Слетаются сейчас к горе Узун-Сырт парители. Будут штурмовать небо обладатели первых рекордов - Степанчонок и Головин, Юмашев и Анохин… Дайте срок - мир еще услышит их имена, когда они сядут за штурвалы первоклассных самолетов.
Есть кому принять воздушную эстафету.
Есть!
2
Дети Барановых - Юрик и Ирина - находились в Крыму с сестрой Петра Ионовича Ефросиньей.
После рождения третьего ребенка, Оленьки, Беллу стали еще больше донимать недуги, и скрепя сердце она вынуждена была надолго расстаться с работой, взять в Дом няню. Большие любители театра, супруги Барановы теперь там редко бывали. Из Наркомата Петр Ионович [146] возвращался поздно. На этот раз он сказал, что в Коктебеле его ждут планеристы, только предупредил жену, что прибудут они в Крым разными путями: он - на самолете, она - поездом.

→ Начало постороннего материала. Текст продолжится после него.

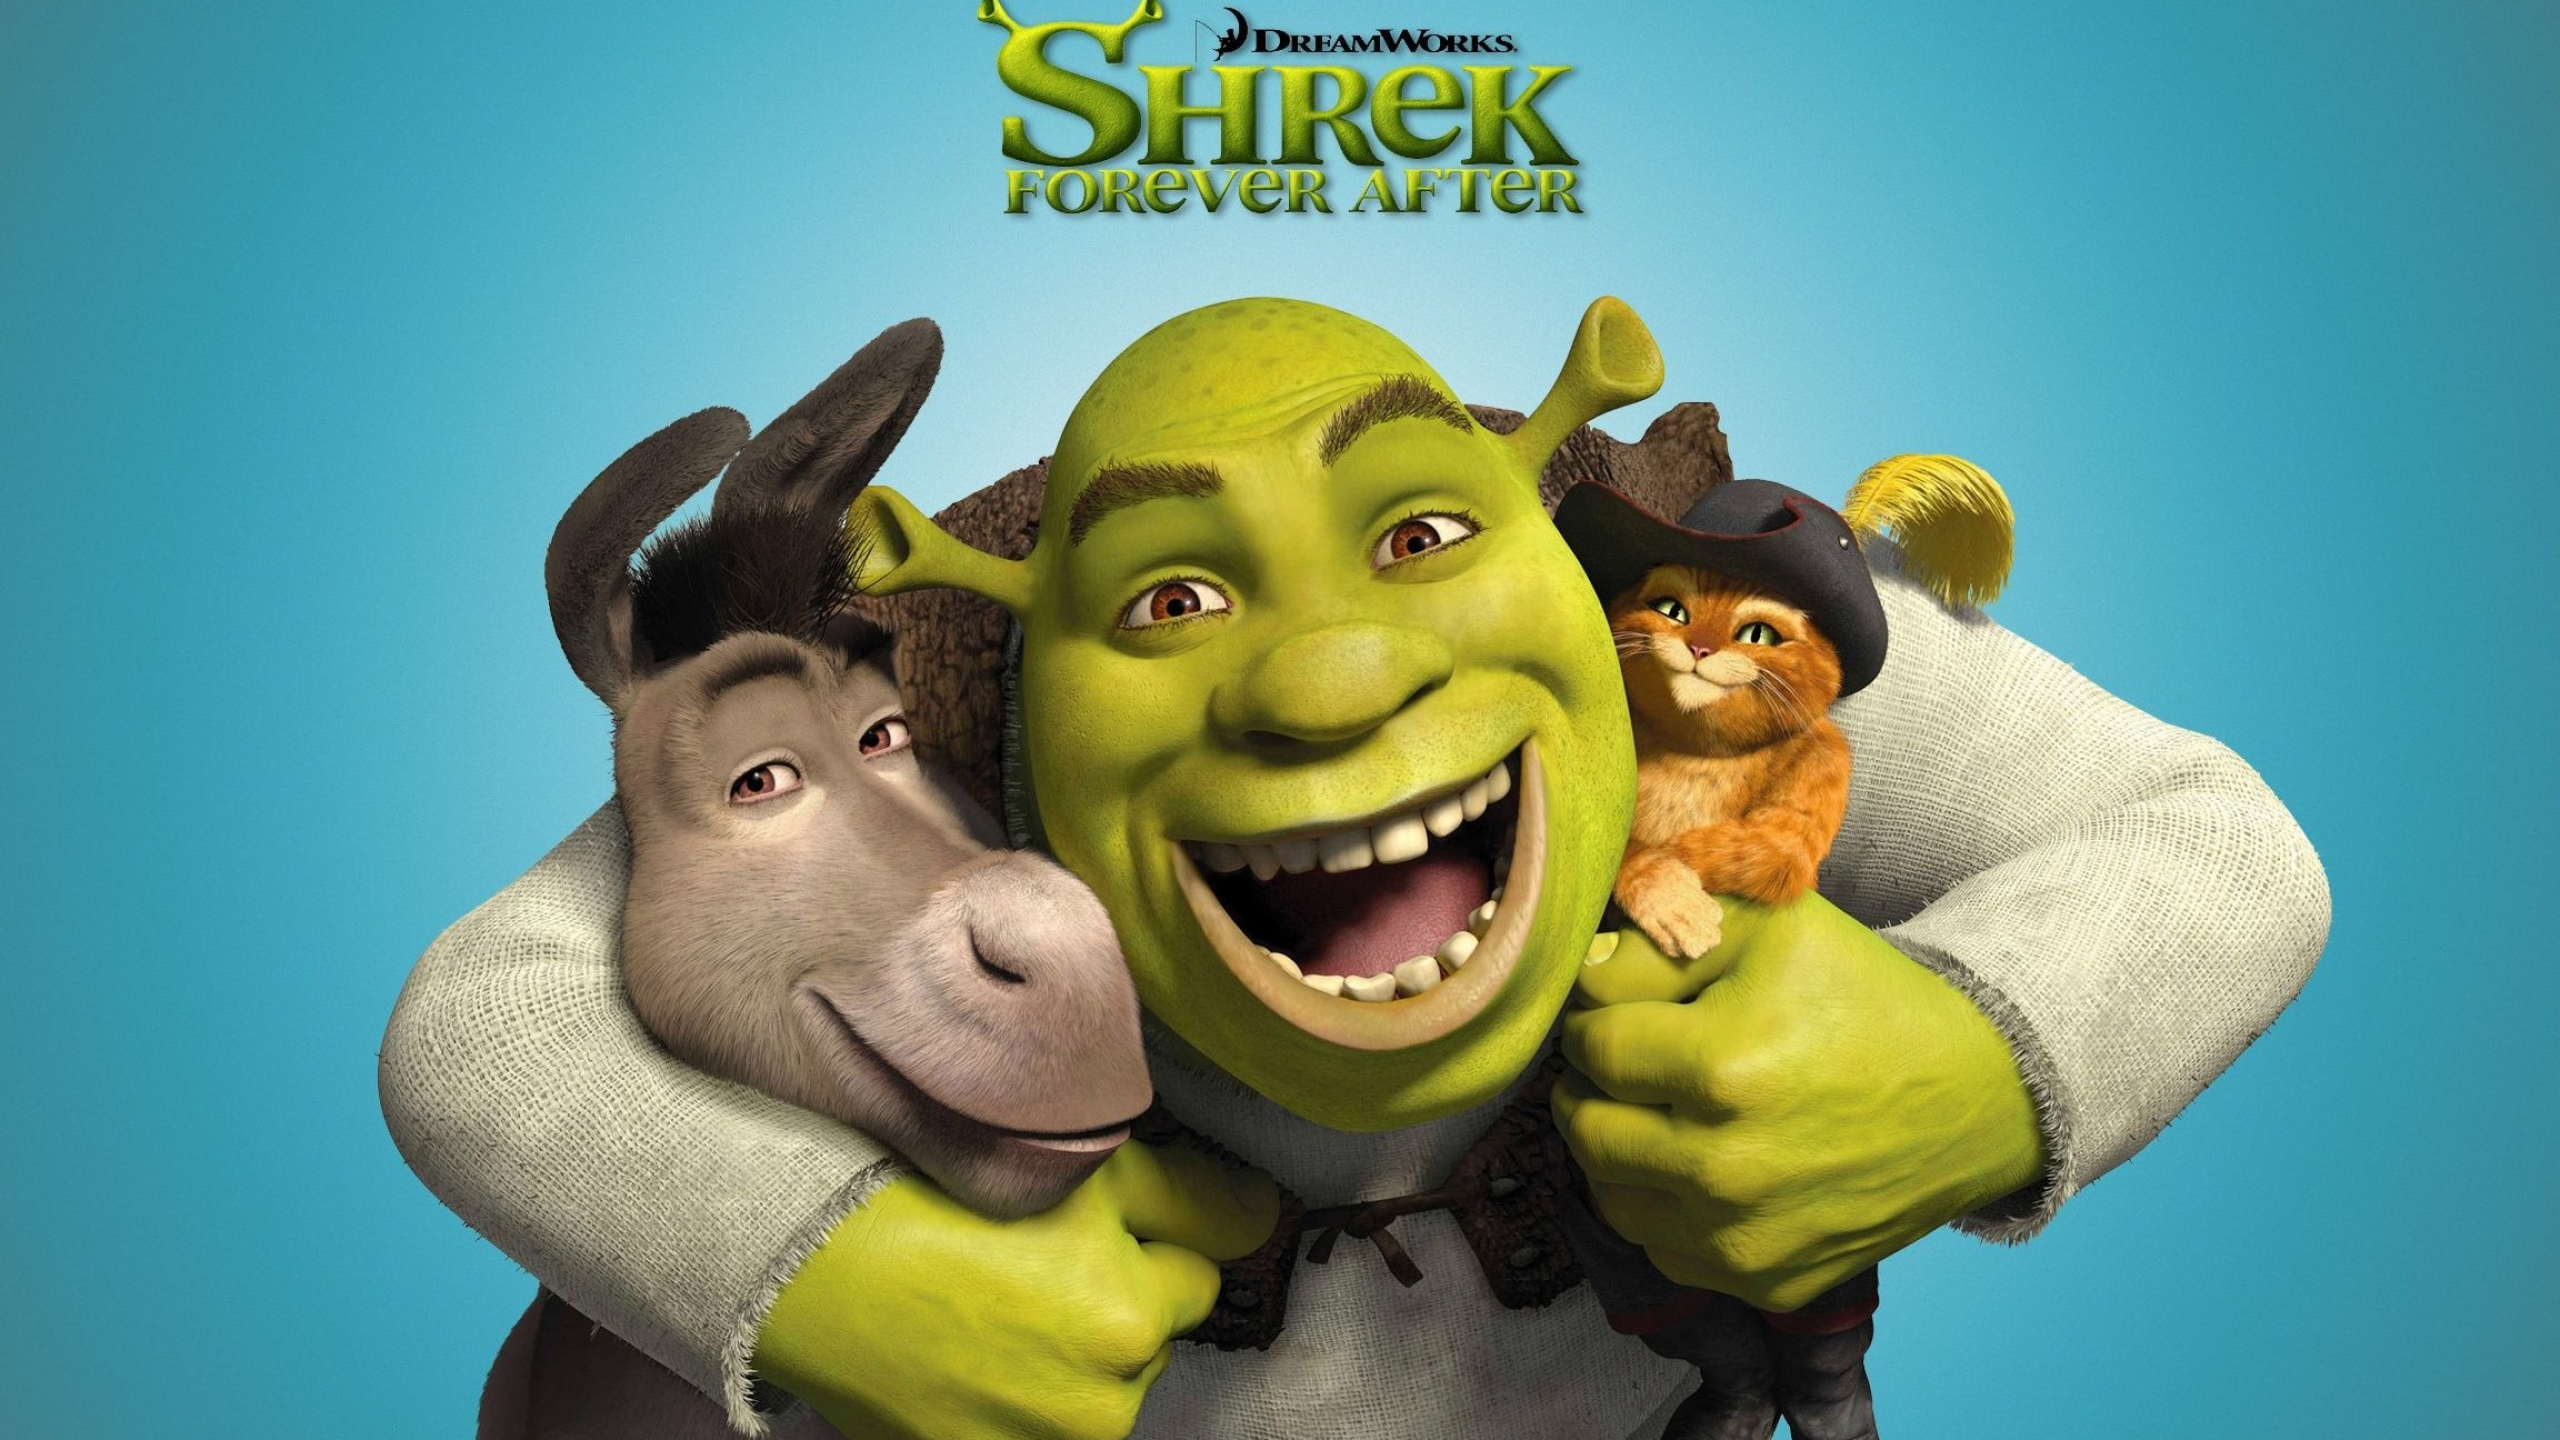 DreamWorks: Shrek, An American media franchise, Forever After. 2560x1440 HD Wallpaper.
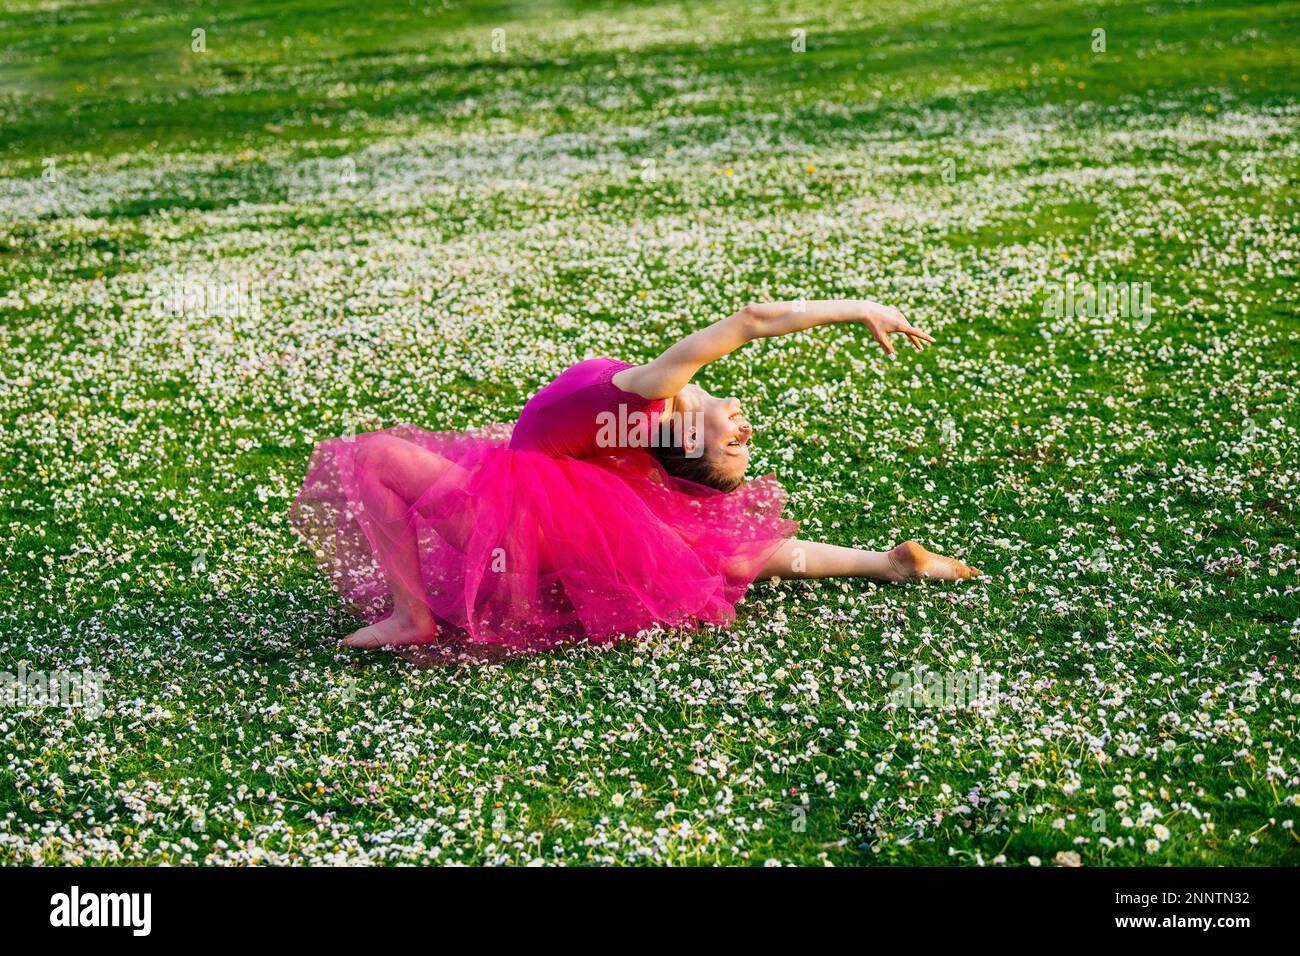 Ballerina doing splits on lawn with flowers, Battle Point Park, Bainbridge Island, Washington, USA Stock Photo

– Может быть, вместе полетим?
– спросила Белла.
– Нет, мы полетим не прямо в Крым, а в Запорожье. Там у моих попутчиков есть дела. Да и спокойнее тебе поездом.
– Когда ты полетишь?
– Завтра.
Белла привыкла к неожиданным командировкам мужа. Надо собрать его в дорогу. Но она не торопилась.
– Петя, ты ведь знаешь, как я соскучилась по детишкам. Самолетом скорее…
– Нет! Не проси!
– резко оборвал он.
Эта резкость была так несвойственна Петру в отношениях с женой, что он почувствовал неловкость и сразу переменил тему разговора.
– Знаешь, кого я встретил? Соню Давыдовскую. Такая же шустрая. В академию воздушного флота решила поступить. Отлично сдала экзамены, но ее почему-то до сих пор не оформляют…
– Слабый пол?
– безразлично спросила Белла.
– Она считает, что по другой причине. Ты ведь знаешь: Соня происходит из дворянской семьи.
– Нашли дворянку… - Белла усмехнулась.
– Я знаю бойца Туркестанского фронта коммунистку Соню Давыдовскую. Она просила тебя заступиться?
– Нет, хотя я предложил свою помощь. Смущает меня эта подозрительность, которую пытаются выдать за бдительность. Как раньше принимали на работу нового человека? Достаточно одной-двух надежных рекомендаций. А теперь заполняй огромную анкету, жди, пока проверят твою родословную.
После долгой паузы Белла сказала:
– По-разному жизнь у людей складывается…
– Ты о ком?
– не понял ее Петр.
…Не слушательницу академии представила сейчас Белла, а ту Сонечку, что четырнадцать лет назад, совсем еще девчонкой, прибыла с группой коммунистов на Восточный фронт. Петр был тогда начальником политотдела [147] Южной группы войск. Соня рвалась на фронт, но Петр, щадя не в меру порывистую москвичку, нашел для нее работу в штабе.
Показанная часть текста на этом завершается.